Tuesday, August 21, 2007

Stupid, stupid, stupid :(

How do I manage to mess my life up so very often? The latest is that over the summer I was offered a good job teaching high school. I really don't use my yiddish much anymore, and this would give me a chance to use it again. I had a test lesson today, which just flopped. I was also told that personally I'm much too quiet and need more 'snap'. The school is much more MO than the ones I've been to, and I guess their teaching methods are are bit different. The result is that they still want me to teach (how many yiddish teachers are available a week before school starts?), but will help me with teaching methods.

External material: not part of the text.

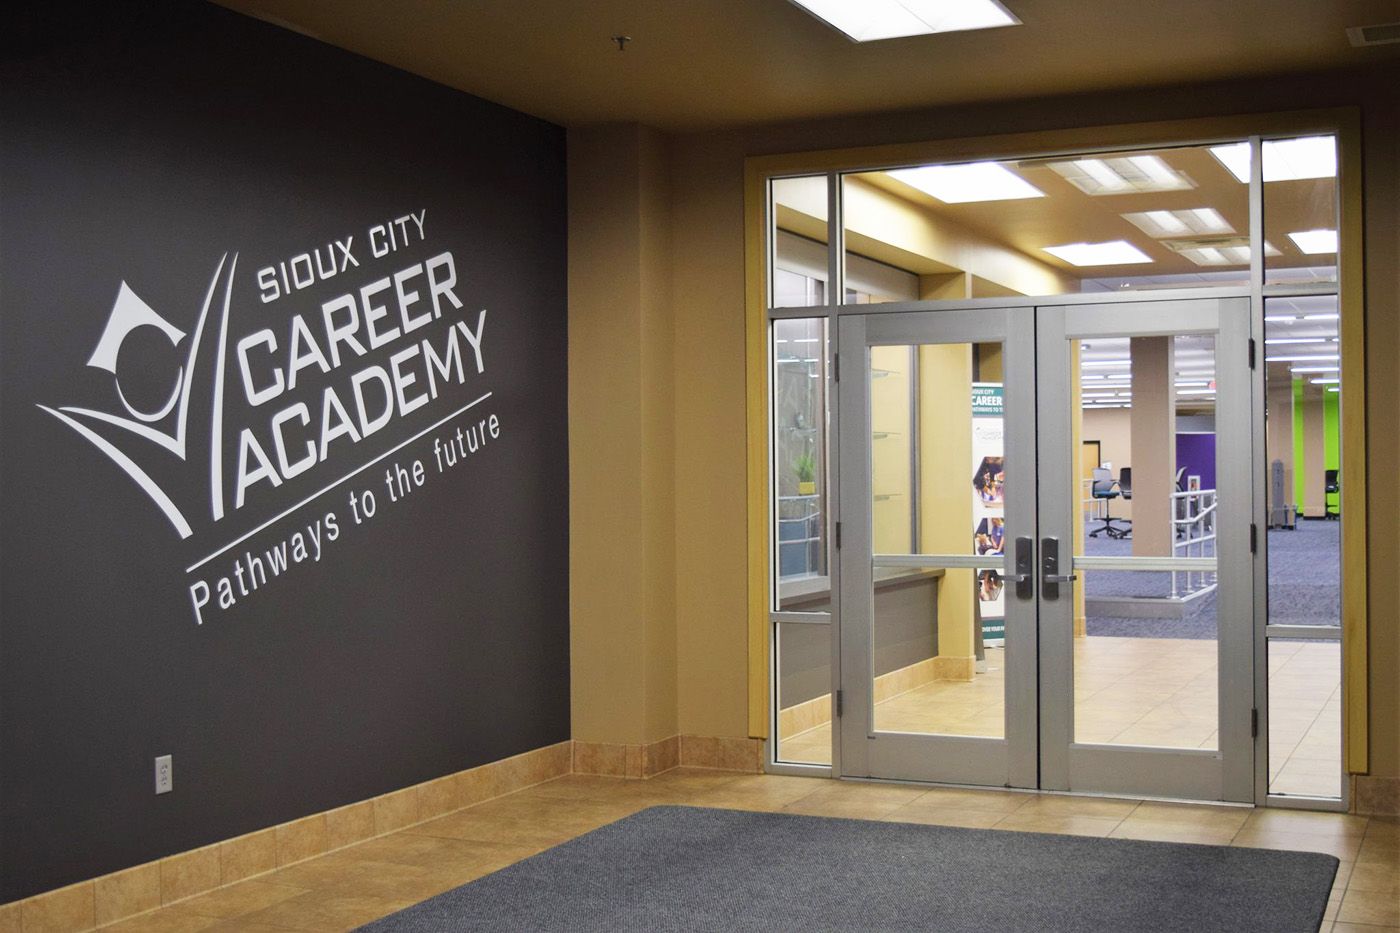 Sioux City Career Academy

I'm going to turn it down, as nice as they were, it seems more hassle than its worth, and the money wasn't too good. However, I told my other job that I wasn't coming back last week. 40 + hours a week was just too much. They were less than happy. Yep, I burnt those bridges good and proper.

My husband has serious debts from his first marriage/ divorce (which he neglected to tell me about before we married), and he's annoyed that I managed to lose two jobs, and will have little or no income.

Part of me is relieved, those of us who are TTC know what a drain on time it is. Appointments, follow up calls, plus feeling sick from all the drugs they merrily inject into your body.

I feel so stupid, trapped and angry at myself. We need that money- what was I thinking when I turned down one job and left another.

Do I need more money, or just much more bitochen?

Monday, August 20, 2007

So Not Normal

All this IF stuff changes you, your outlook, and the way you react to other women's pregnancies. You become obsessed, bitter, slightly nutty about other people getting and staying pregnant (how do they managed it?) Years of trying, numerous doctors who mutter "oh, you'll have no problem having a baby!" Countless broches from Rebbes, every sugulah possible, davening, davening, davening, HYSTERICAL TEARS whilst davening, relaxing and not really trying... well have not resulted in a child yet, and you can't help but feel aggrieved when someone announces their expecting.

Your behaviour becomes even more psycho when a friend announces a "oops pregnancy" as the lovely Soper would say. They top it off by saying they managed to conceive the first month of trying. Well, fancy that! You stop calling them because you can't get through the call without your voice breaking, you send them a few polite emails. What are you supposed to do?

Although I have no real friends here in Unfriendly Town, I have all but stopped going out. A quick trip to the store here, perhaps a shiur if the speaker is good. That's about all.

One Rabbi suggested we move apartments, so we're in the middle of doing that right now. You know 'A change in place, a change in mazel'. Let's wait and see.

Kol Tov!

Thursday, August 16, 2007

BabyBlues

Dead baby would have been 10 months today. I still cry for him/her everyday.

Wednesday, August 15, 2007

Deja Vu time!

Well, I'm back, but sadly with no news. Well, of course I have news, since March stuff has happened. I didn't climb into a protective bubble with various snacks and magazines, and sleep til now. How I wish I had. More people a pregnant or had babies, including those whose wedding I happily danced at.

Today we were kvater again at a bris. Don't get me wrong, it was a beautiful mitzva, please G-d we will be holding our own son at his bris soon, and what a honor to be chosen. Still, I felt like a public announcement-"Yes folks, we're infertile! Yes, we're been married that long, but no live kids yet!" You could see people doing the math. I'm pretty sure I'll find a bakers shop worth of challah on my doorstep before Shabbos. Thanks for thinking of us, but I'd rather find a baby on the step any day.